As an illustration of the level of competition in the cellular market, approximately 1.9 million cellular subscribers are estimated to have switched operators within the Israeli market (with number porting) during 2020; similarly, approximately 2.2 million subscribers switched in 2019 and approximately 2.4 million in 2018. While our annual churn rate for cellular subscribers decreased marginally in 2020 to 30% compared with 31% in 2019 and 35% in 2018, competition in the cellular subscriber market remained intense. Significant price erosion continued to be caused by the number of cellular subscribers who moved between different rateplans or airtime packages (generally with a lower monthly fee) within the Company.
Revenues from equipment. Revenues from equipment sales for the cellular segment in 2020 totaled NIS 545 million (US\$ 170 million), a decrease of 5% from NIS 571 million in 2019, mainly reflecting a decrease in the volume of retail sales of cellular equipment following the closure of some sales points during certain COVID-19-related lockdown periods during the year, partially offset by a significant increase in cellular equipment sales to wholesale customers.
Gross profit from equipment sales. The gross profit from equipment sales for the cellular segment in 2020 was NIS 94 million (US\$ 29 million), compared with NIS 107 million in 2019, a decrease of 12%. This decrease mainly reflected the decrease in the volume of equipment sales, as described above, in addition to a decrease in profit margins from sales due to a change in the product mix.
Cost of service revenues. The cost of service revenues for the cellular segment decreased by 7% from NIS 1,514 million in 2019 to NIS 1,403 million (US\$ 436 million) in 2020. This decrease mainly reflected the decrease in depreciation and amortization expenses related to the cellular network, as well as the decrease in workforce and related expenses and in roaming expenses, partially offset by the increase in interconnect expenses due to the significant increase in outgoing call volumes related to the COVID-19 crisis (in parallel to the increase in incoming call volumes discussed above). See also note 22 to our consolidated financial statements.

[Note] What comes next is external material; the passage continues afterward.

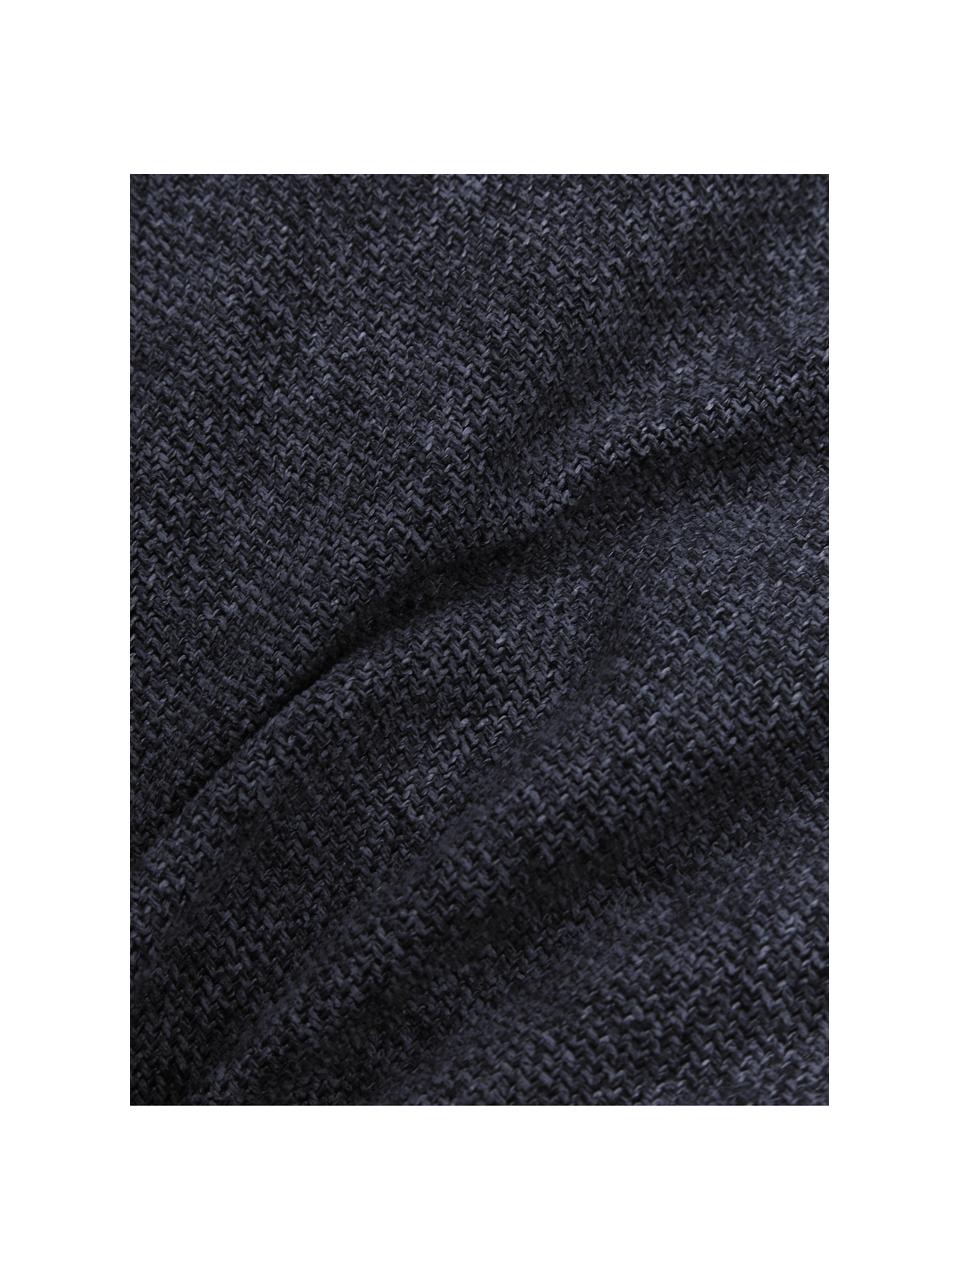 Cojín sofá Lennon, Tapizado: 100% poliéster, Tejido azul oscuro, An 60 x L 60 cm

Selling, marketing, general and administrative expenses and credit losses. Selling, marketing, general and administrative expenses and credit losses for the cellular segment in 2020 amounted to NIS 300 million (US\$ 93 million), a decrease of 10% from NIS 334 million in 2019. The decrease mainly reflected the decrease in workforce and related expenses, which were partially offset by increases in amortization expenses and credit losses. See also note 22 to our consolidated financial statements.
Total operating expenses ("OPEX"). Total operating expenses (OPEX is not a financial measure under IFRS and not necessarily comparable to similarly titled measures for other companies; see "Item 5A.2" for reconciliation on a consolidated basis) for the cellular segment totaled NIS 1,253 million (US\$ 390 million) in 2020, a decrease of 4% or NIS 45 million from NIS 1,298 million in 2019, principally due to the decrease in workforce and related expenses, partially offset by the increase in interconnect expenses discussed above. See also note 22 to our consolidated financial statements. Including depreciation and amortization expenses and other expenses (mainly amortization of employee share-based compensation), total operating expenses totaled NIS 1,703 million (US\$ 530 million), a decrease of 8% compared with NIS 1,848 million in 2019.
Operating profit. Overall, operating profit for the cellular segment in 2020 was NIS 73 million (US\$ 23 million), a decrease of 5% compared with NIS 77 million in 2019, mainly reflecting the decrease in cellular segment service revenues and the decrease in gross profit from equipment sales which were partially offset by the decrease in operating expenses including depreciation and amortization expenses and other expenses.
Adjusted EBITDA. Adjusted EBITDA for the cellular segment was NIS 533 million (US\$ 166 million) in 2020, a decrease of 16% from NIS 635 million in 2019, largely for the same reasons as the decrease in operating profit (excluding depreciation and amortization expenses and other expenses). As a percentage of total cellular revenues, Adjusted EBITDA for the cellular segment in 2020 was 24% compared with 27% in 2019.
Total revenues. Total revenues in 2020 for the fixed-line segment were NIS 1,129 million (US\$ 351 million), an increase of 10% compared with NIS 1,028 million in 2019.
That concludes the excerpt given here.